I know, I know - who's the lady with the sexy eyes, and is she single? That's Heather the Hag from (I believe) the Haunted Hay Ride attraction. Her piercing cackle could be heard throughout the hall.

This guy (I really am terrible at names) circled the hall all weekend like a Bohr model electron. I hope he got my good side.

Hot patootie bless my soul! The Kids of Albany were here promoting a screening of an old cult film. Solarbabies I think.

 Tom Atkins again, graciously agreeing to a new pic. He even gave the photographer a kiss.

The original Michael Myers. Have his signature on a few items already, I wanted something personalized.

Co-host Phil Peron with one of the hosts of Trick or Treat Radio. Note that Phil never read the memo about the dress code.

Here's the rest of the degenerates of TrT Radio.

Check out that button!
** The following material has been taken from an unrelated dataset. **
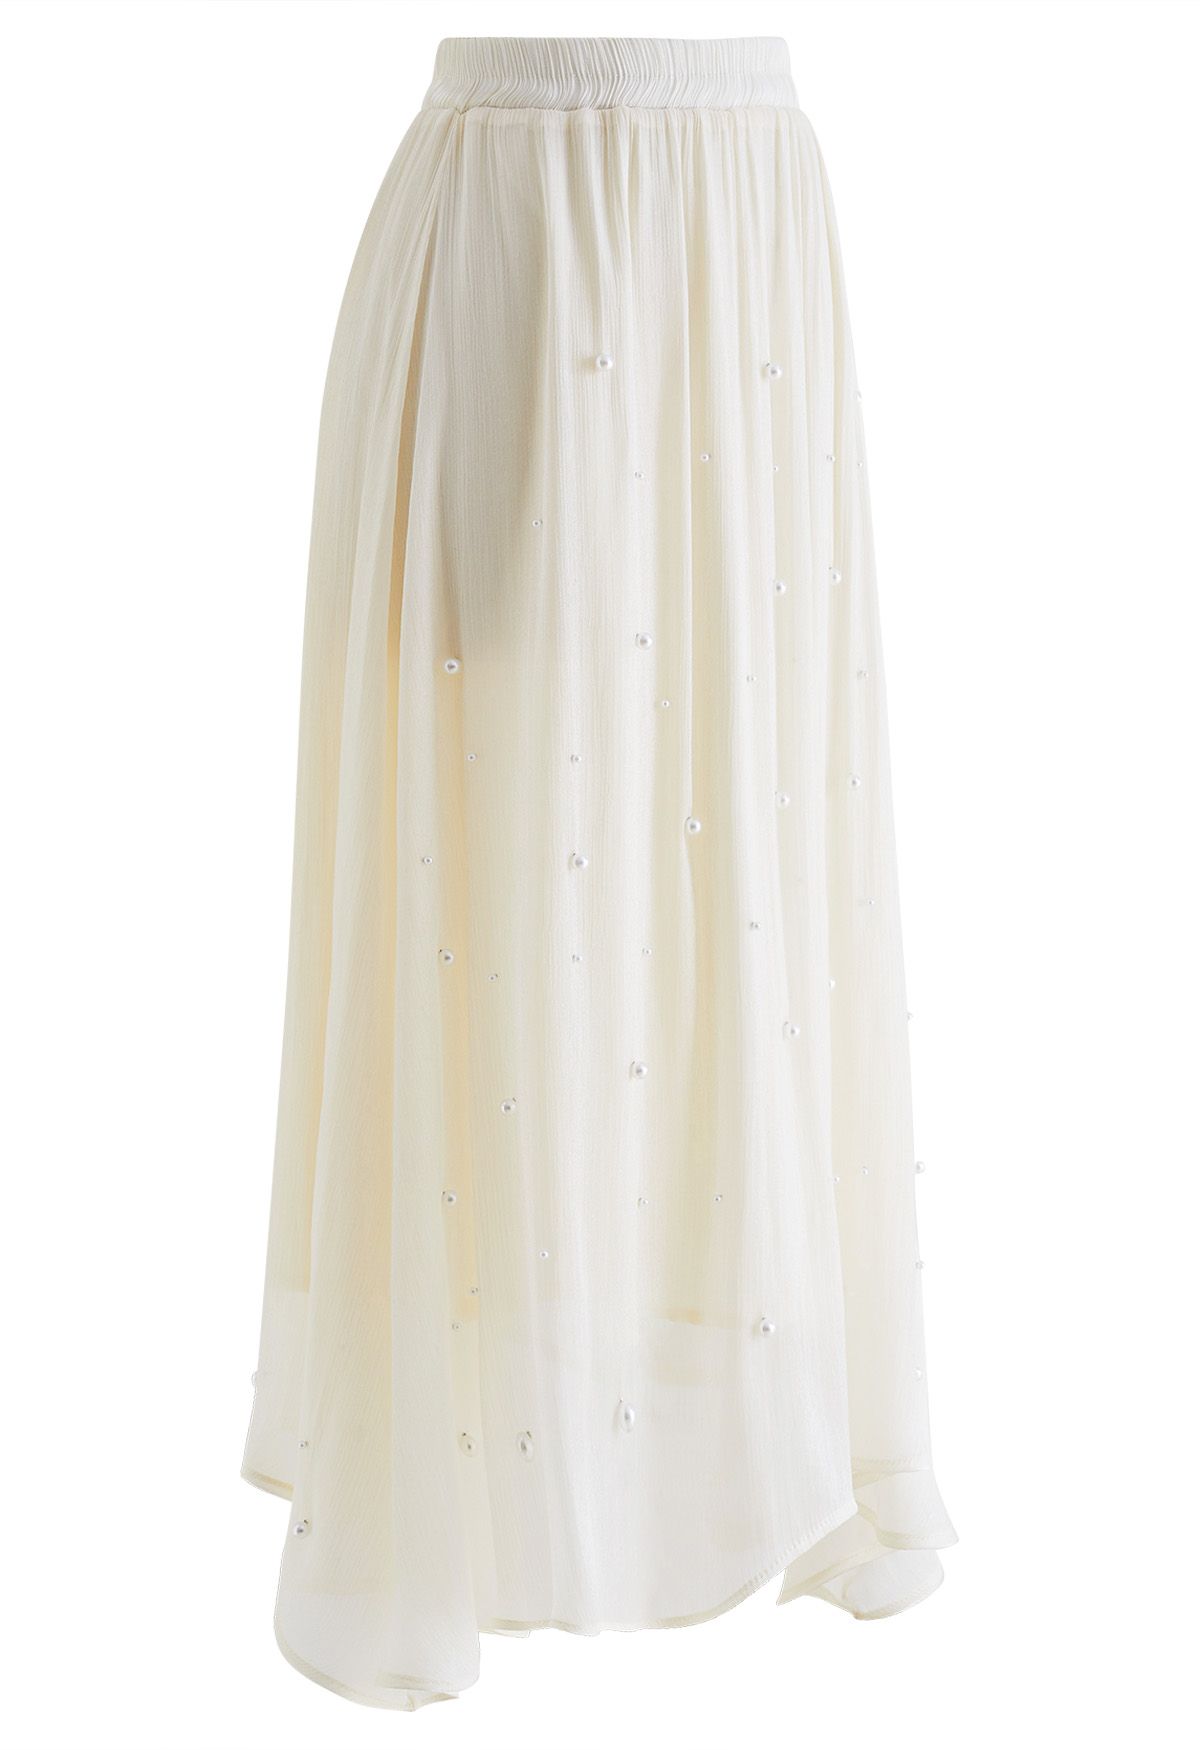 Irregular Pearl Shimmer Chiffon Skirt in Cream

Thank you for supporting our humble show....whoever you are.... I need a Secretary of Names or something.

File under "shit you only see at horror conventions." Gotta give Chucky credit. He's been running around the hall all weekend to promote FrightFest. Or the maze. Or hayride. One of them.

Finally some more costumes. I applaud your talent and your enrichment of the con experience, and I wish the ladies luck in dealing with the Disney attorneys.